Prostaglandin E2 ELISA
The concentration of PGE2 in cell culture media was determined in triplicate using a commercially available enzyme-based immunoassay kit (Cayman Chemicals) in accordance with the manufacturer’s instructions. This assay kit can reliably quantify levels of PGE2 of 15 pg/ml, but can detect levels as low as 7 pg/ml of PGE2. The PGE2 antibody exhibits very high selectivity for PGE (100% with PGE2, 100% with PGE2 Ethanolamide, 43% with PGE3, 37.4% with 8-iso PGE2, 18.7% with PGE1) and only very minor cross-reactivity with other prostaglandins (e.g. 1.25% with sulprostone, 1.0% with 6-keto PGF1α, 0.25% with 8-iso PGF2α and 0.02% with 13, 14-dihydro-15-keto PGE2) (Cayman Chemicals). All cell culture media used in this ELISA method was ‘starved’ as FBS may contain PGE2. This meant that any PGE2 that was detected was only produced by the cells being investigated.

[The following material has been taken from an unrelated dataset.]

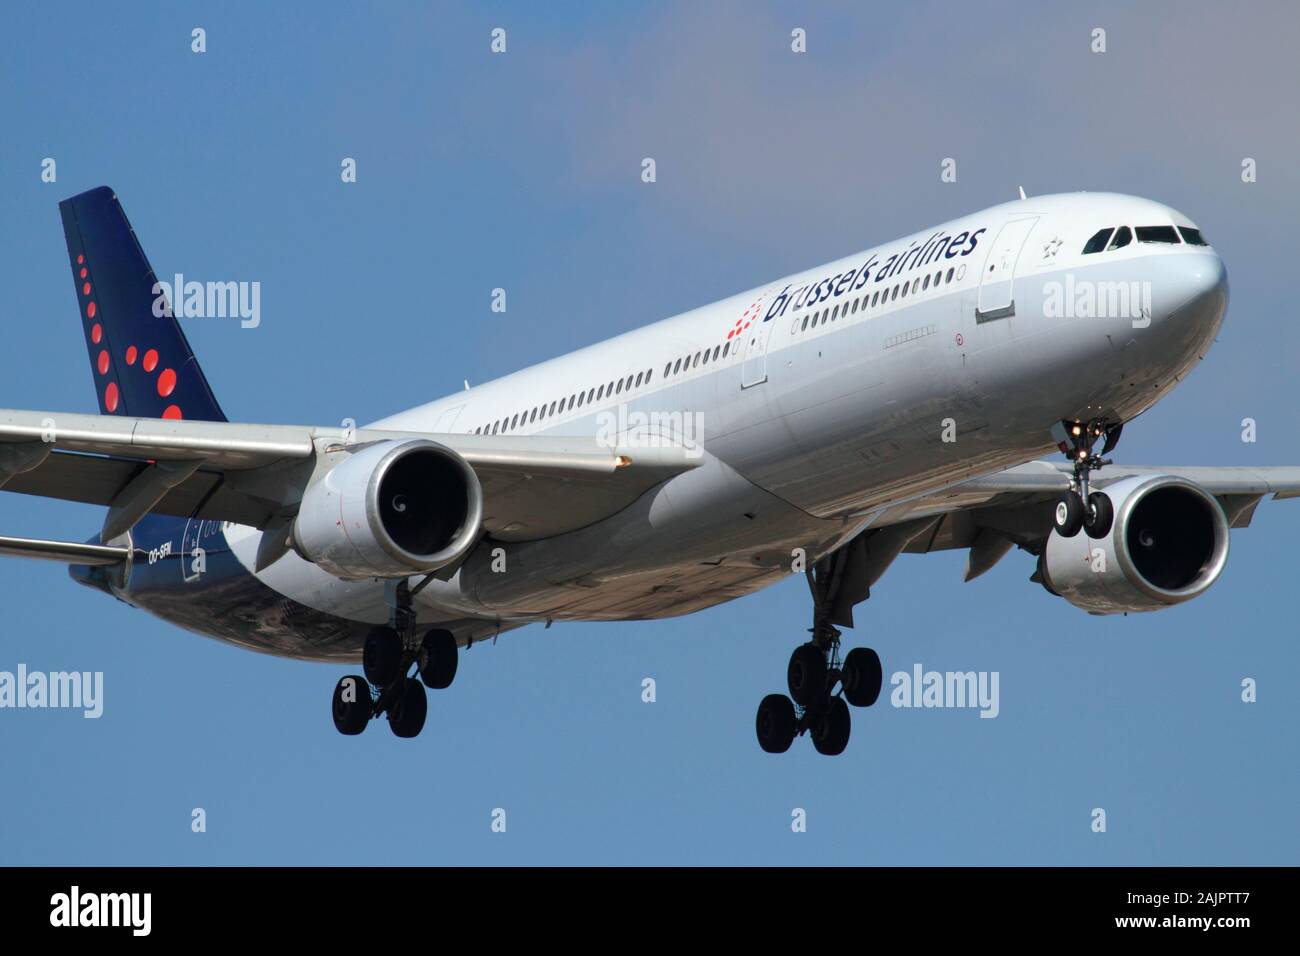 Brussels Airlines Airbus A330-300 widebody long haul passenger jet aeroplane on approach. Close-up view from the front quarter. Civil aviation. Stock Photo

Data were analysed using Student’s t-test (two-tailed, type-1). Statistical significance was accepted at the P < 0.05 level (*), P < 0.01 level (**) and P < 0.001 level (***).
Conflict of interest
The authors state no conflict of interest.
This study was supported by Wellcome Trust Grant WT077714 and the Centre for Skin Sciences, School of Life Sciences, University of Bradford.